I tried looking around and I cant figure mine out.
So I'll do it the old fashioned way.
Turn up the boost and FIND IT
Preferably before I'm laying on my back in snow
putting in the 6 bolt bottom end.
 
#22 ·
It's hard to guess from the "noise description" over the internet, but I'm surprised no one mentioned the possibility of a dying hydraulic tensioner.

It'll sound similar to a really bad lifter, but come from the side of the motor, will vary with rpm as described, yadda-yadda.

I also don't think I'd spend too much time/money doing bearings on something that has 45psi in a hole, and 60 psi in others.
 
#23 ·
I got the pan off today. OMG a huge balancehsaft bearing is laying in my pan it is alil bent but very intact. Like i said i only ran the car for a minute with the noise. The noise was the balance shaft smacking around in an oblong circle hitting the block where the bearing was sitting. hence i go the balance shaft eliminator kit Im going to install it and leave the stock rod bearings alone as they have no up and down play and are in spec on side to side. I think I have to take that whole plate with the oil pump gear and balance shaft tensioner???that whole plate has to come off the motor to get the rear shaft out???? Anyways Im glad i bought the Talon cheap and was able to tear it down and solve the issue. There was no reason to scrap the motor or the car. Thanx guys, will update on piecing it back together. Yea those readings on the psi were at cold so not sure what they are worth and was hard to thread in that slippery fitting.? Good luck with your problems and hope you guys learned from mine.

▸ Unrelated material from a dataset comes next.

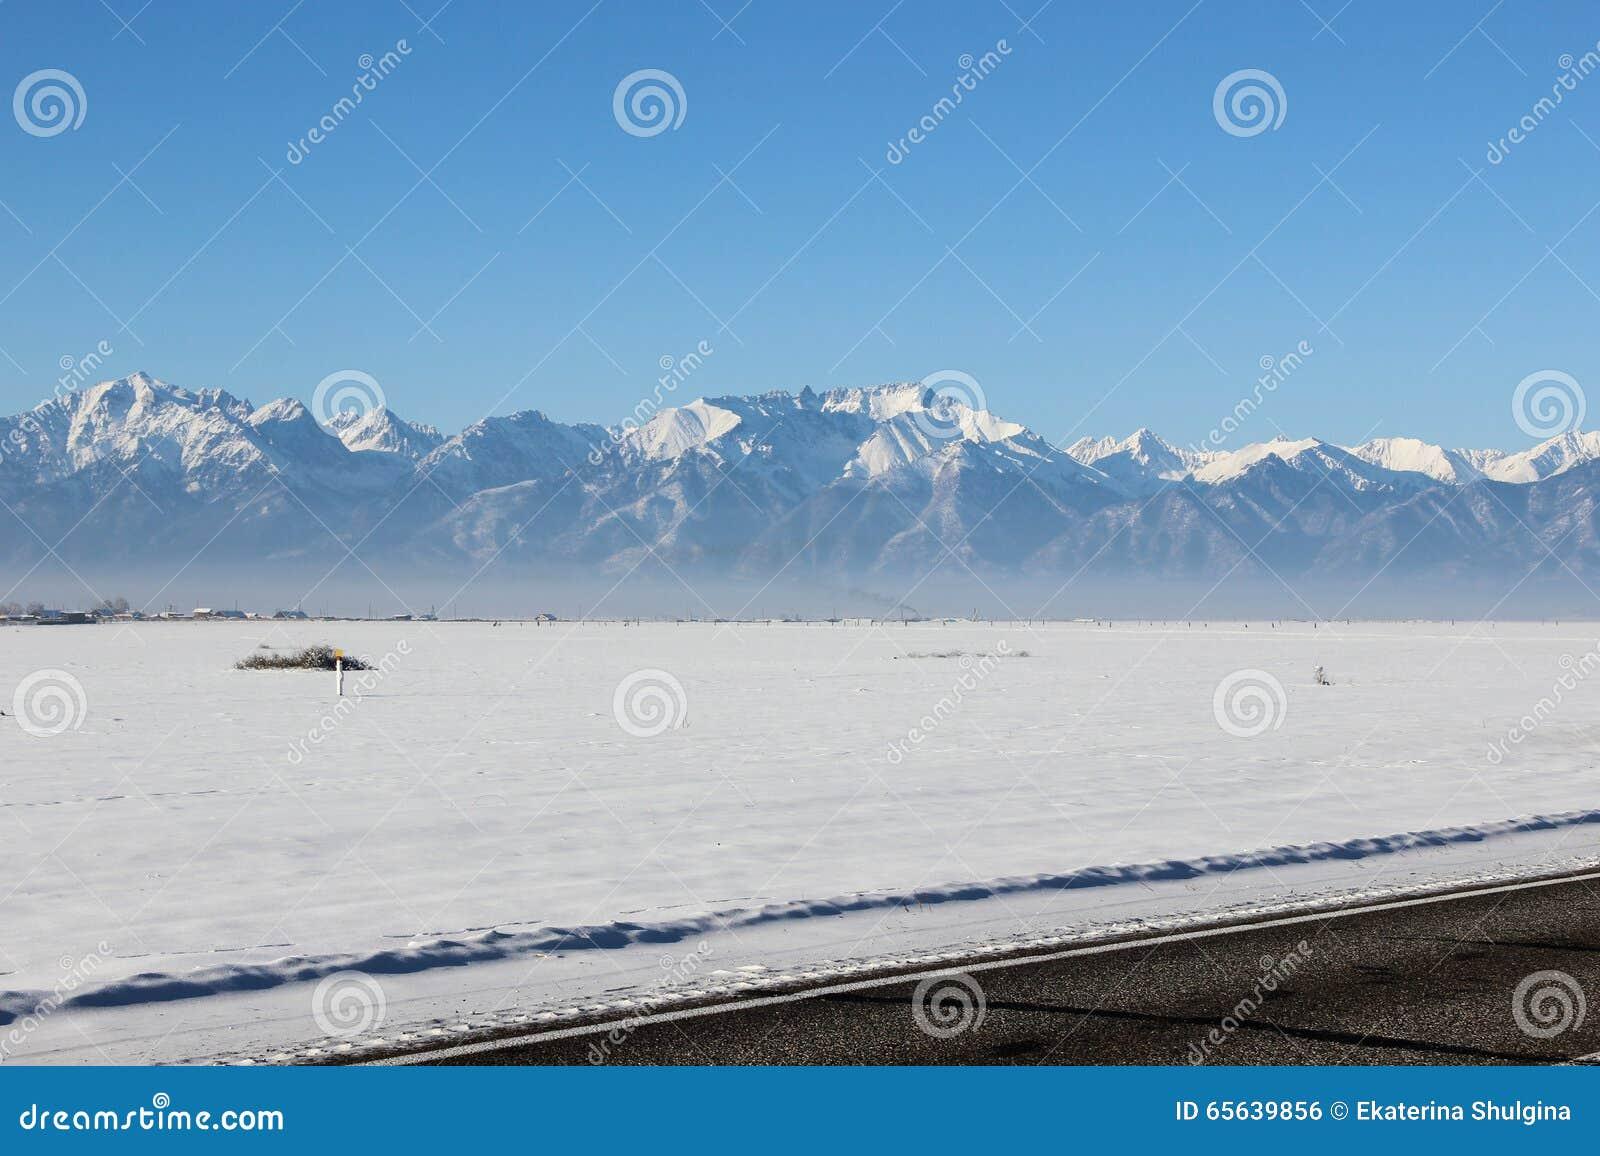 La vallée couverte de neige

Thanx DSMtalk.
 
#24 ·
DSSA said:
It's hard to guess from the "noise description" over the internet, but I'm surprised no one mentioned the possibility of a dying hydraulic tensioner.

It'll sound similar to a really bad lifter, but come from the side of the motor, will vary with rpm as described, yadda-yadda.
NOW THAT, makes sense. Although it seemed VERY firm when I installed it I seemed to have a "it gets loose" problem. I simply added more tension to start with and left myself with a more compressed tensioner to start JIC. It only does it cold. Once I'm half way on the temp gauge its smooth as a kitten.
But that makes sense. I had no idea they would chatter.
Wheres the cheapest place to get a 2g auto tensioner?

I can't believe a balance shaft bearing was just sitting in there.
That doesn't make any sense. Those are usually in there with some gumption. And require pounding out. You have to take off the front case to get to the oil pump, to get to the driven gear, to get the shaft out, to get the mini stub in. *deep breath* :eek:
Take it off.
 
#25 ·
Ok guys got the front case off not too hard. Got the balanceshaft kit on. Im waiting on a whole gasket set cuz I cant order the front case one and there is no mitsubishi dealer around here they closed. Anyways 140 for a Felpro kit and tuesday itll be in so Im putting the 1g back together and hope i get the timing bel thing right I got the VFAQ on it but not sure If i can make or get that threaded tensioner tool. Any tips on putting it back together or seals and gaskets will be appreciated. Also how much and what kind of fluid should i put in the tramsfer case??? thanx guys.